The country’s privacy and information commissioner has asked the Australian Federal Police to be better at protecting our privacy, following the AFP’s use of that facial recognition tool from Clearview AI.
Australian Information Commissioner and Privacy Commissioner Angelene Falk has determined that the AFP failed to comply with its privacy obligations in using Clearview AI.
The Commissioner found the AFP failed to complete a privacy impact assessment before using the tool (this is actually a requirement listed in the Australian Government Agencies Privacy Code). The AFP also breached one of the Australian Privacy Principles by “failing to take reasonable steps to implement practices, procedures and systems in relation to its use of Clearview AI to ensure it complied with clause 12 of the Code”.
In April last year, the AFP admitted to using Clearview AI, despite not having an appropriate legislative framework in place, to help counter child exploitation. Between 2 November 2019 and 22 January 2020, Clearview AI provided free trials of the facial recognition tool to members of the AFP-led Australian Centre to Counter Child Exploitation (ACCCE).
ACCCE members uploaded facial images of Australians to test the functionality of the tool, and in some cases, to try to identify persons of interest, and victims in active investigations. The AFP did not assess the risks to providing personal information to a third party located overseas, assess its security practices, accuracy or safeguards.
The Commissioner also considered that the AFP did not have in place appropriate systems to identify, track and accurately record its trial of this new investigative technology involving personal information handling.

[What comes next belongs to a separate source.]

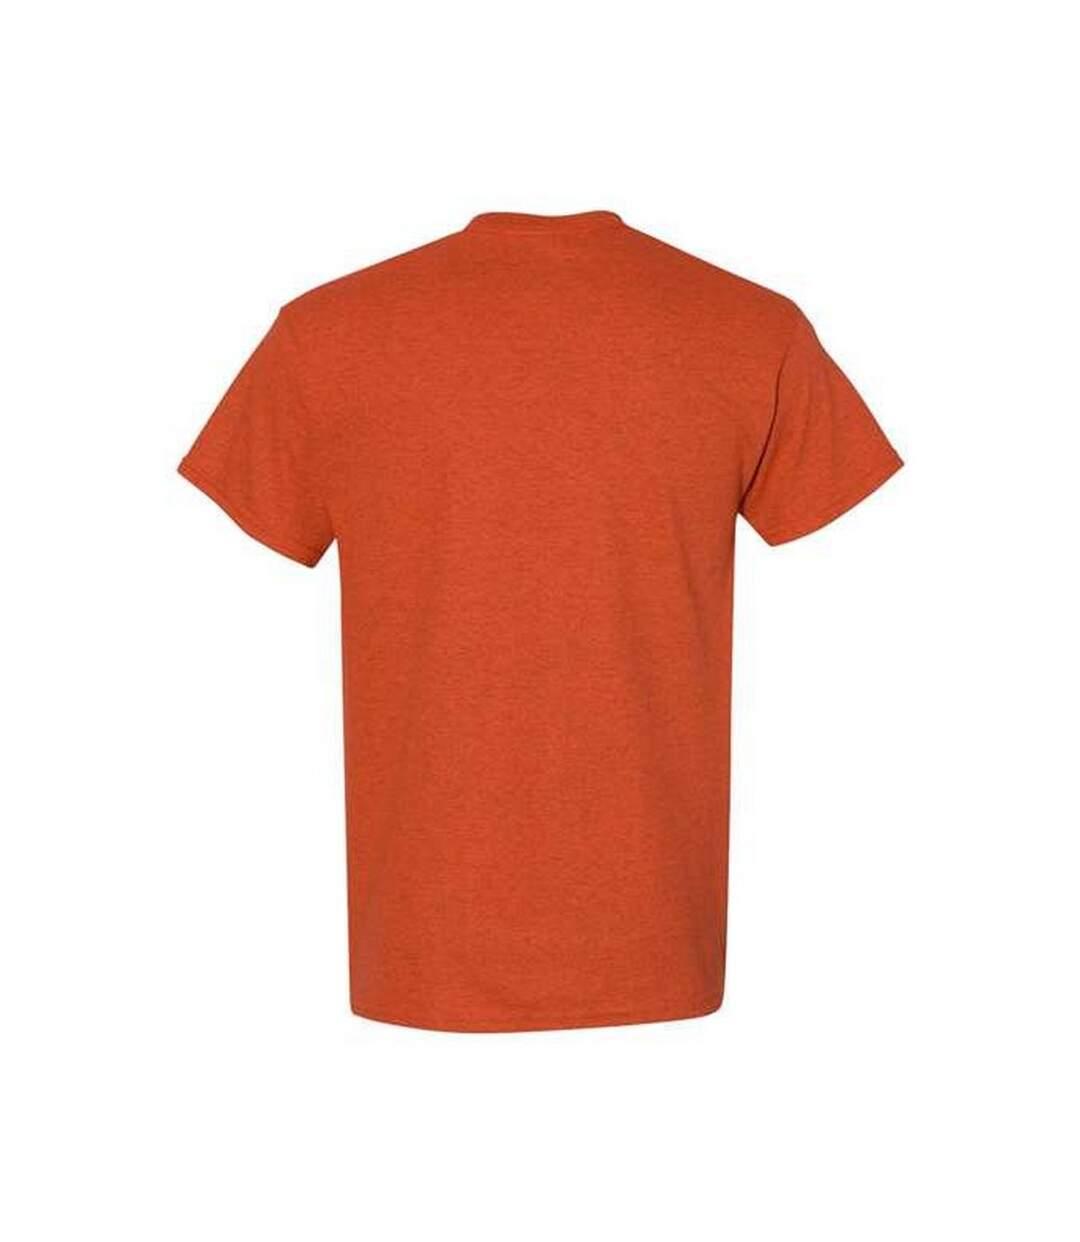 Gildan Mens Heavy Cotton Short Sleeve T-Shirt (Heather Sapphire) - UTBC481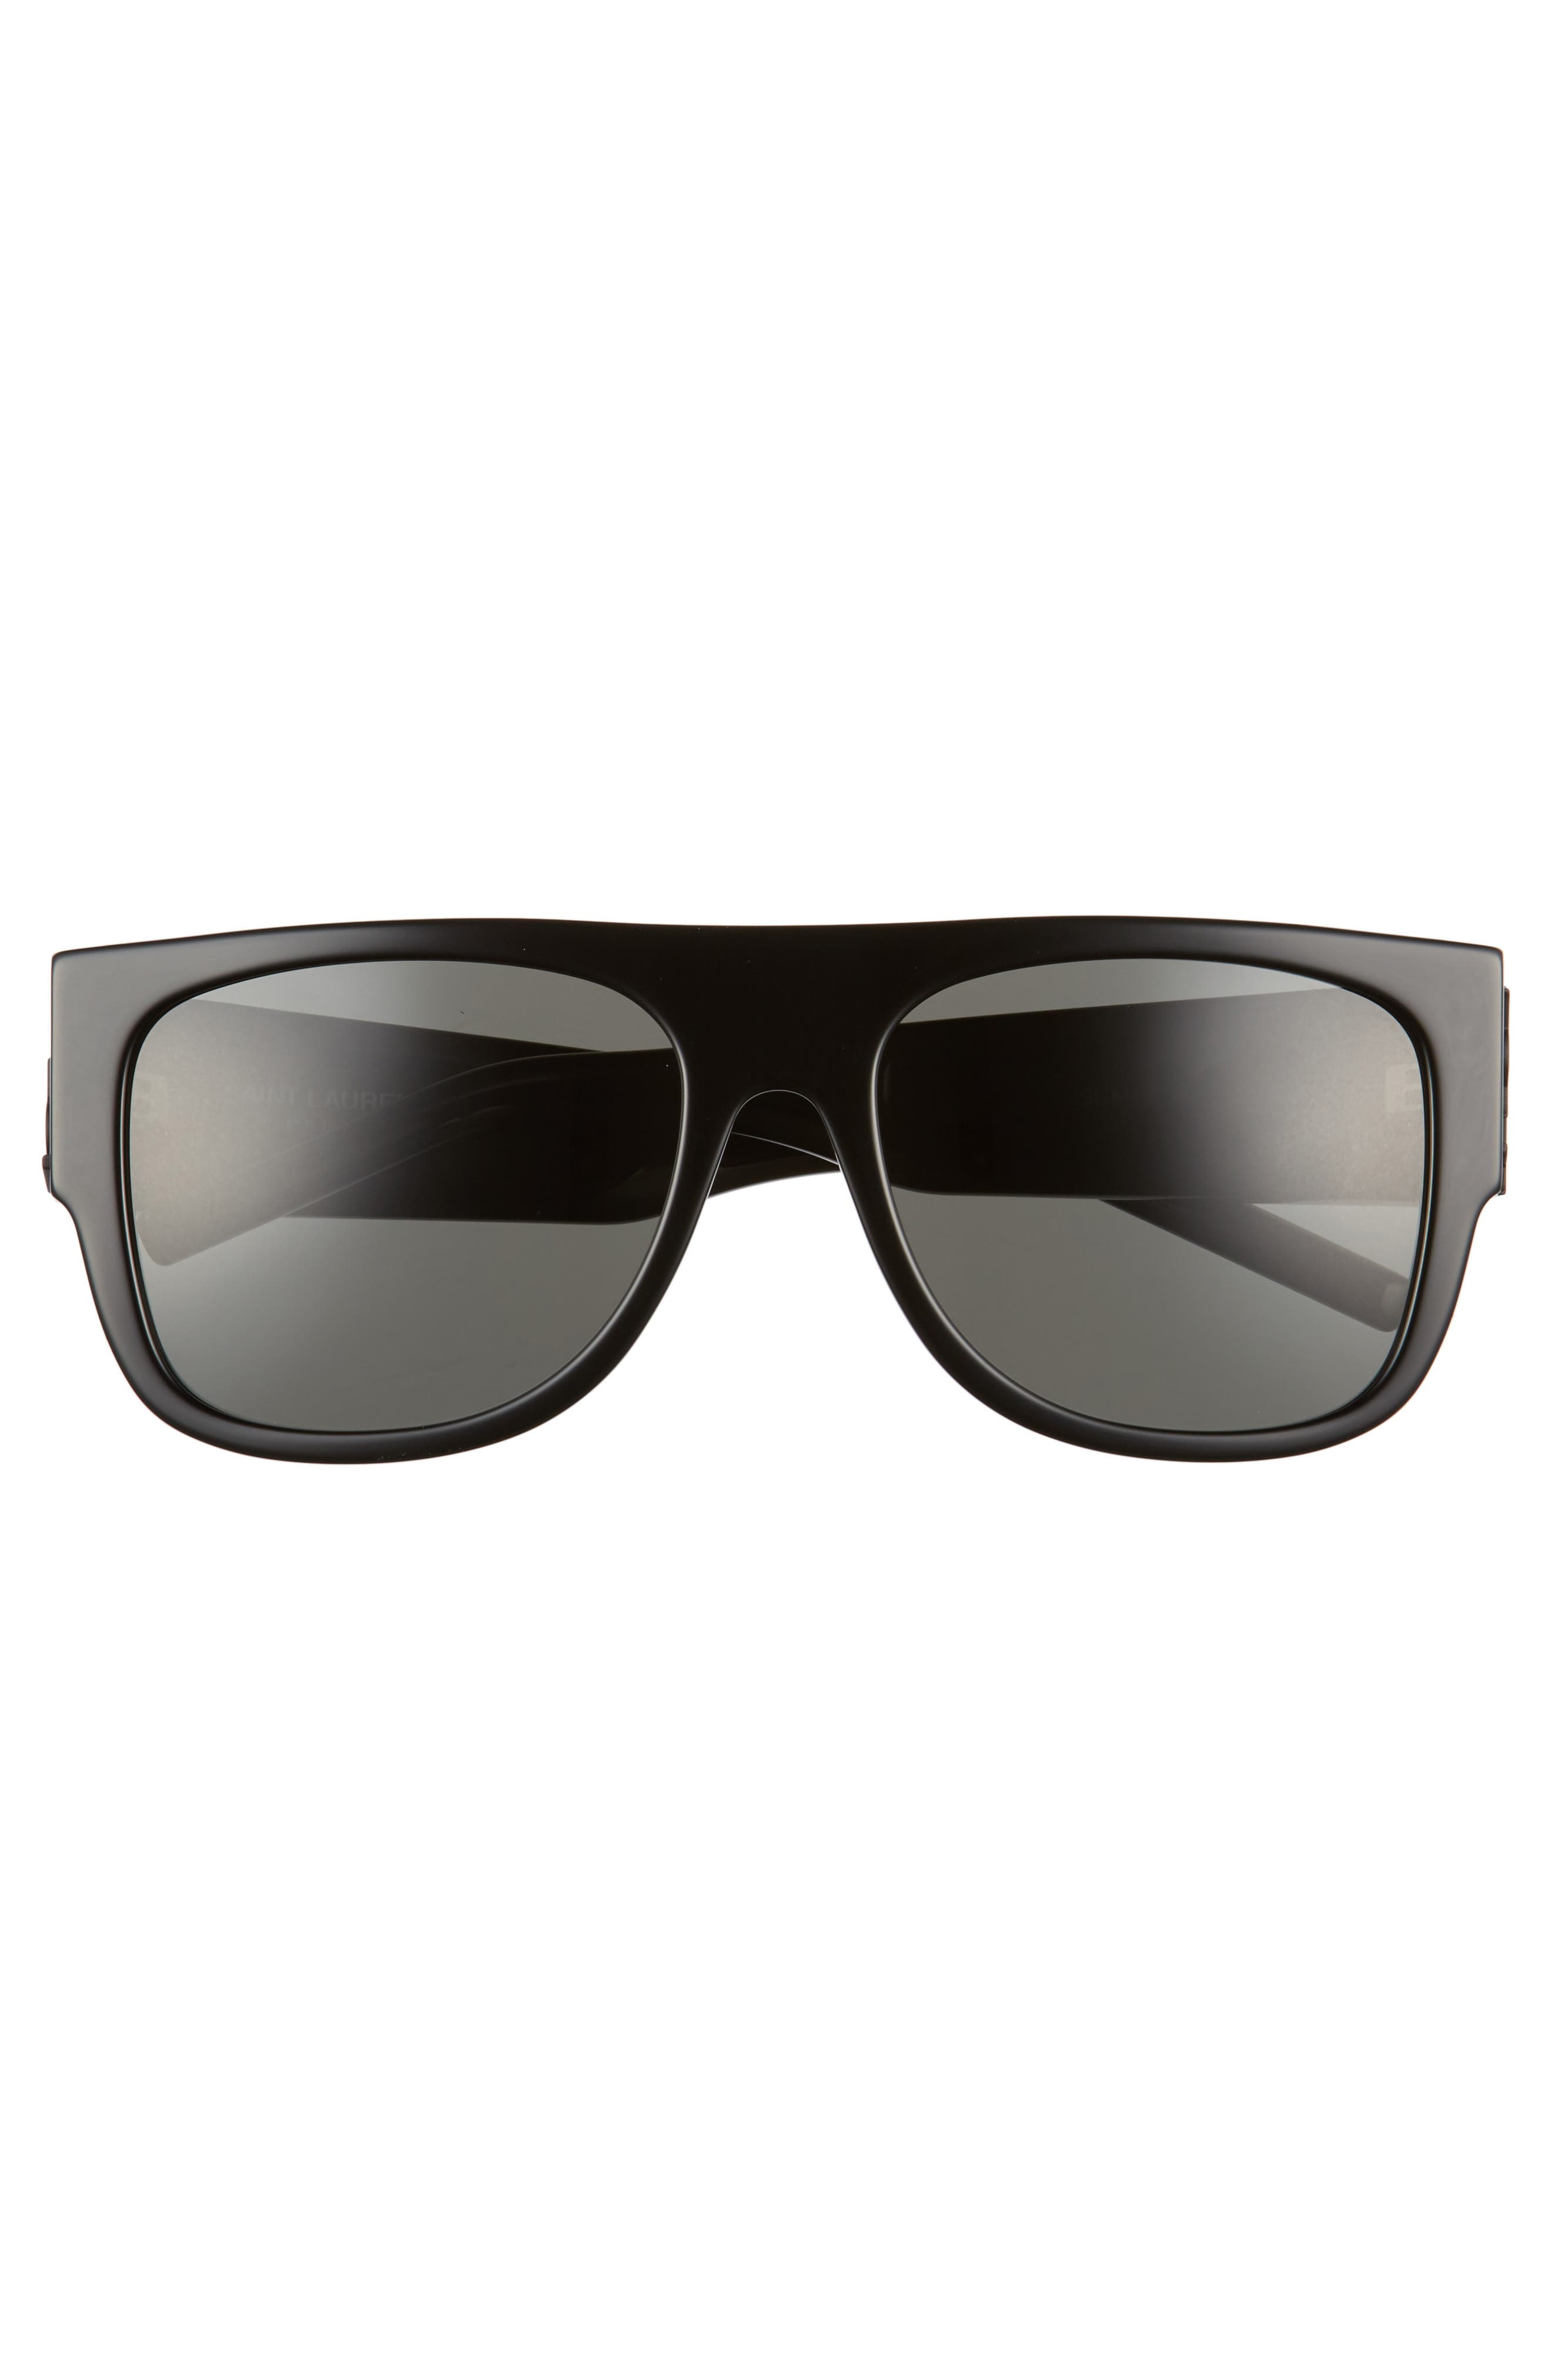 SL M16 55mm Flat Top Sunglasses,                             Alternate thumbnail 3, color,                             001

Commissioner Falk has directed the AFP to engage an independent assessor to review and report to the OAIC on residual deficiencies in its practices, procedures, systems and training in relation to privacy assessments, and make any necessary changes recommended in the report. She also asked the AFP to ensure that relevant AFP personnel have completed an updated privacy training program.
In a determination made last month, the Commissioner found that Clearview AI interfered with Australians’ privacy by scraping biometric information from the web and disclosing it through its facial recognition tool.
“This determination should provide additional assurance to Australians that deficiencies in the AFP’s privacy governance framework will be addressed, under the OAIC’s oversight,” Falk added on Thursday.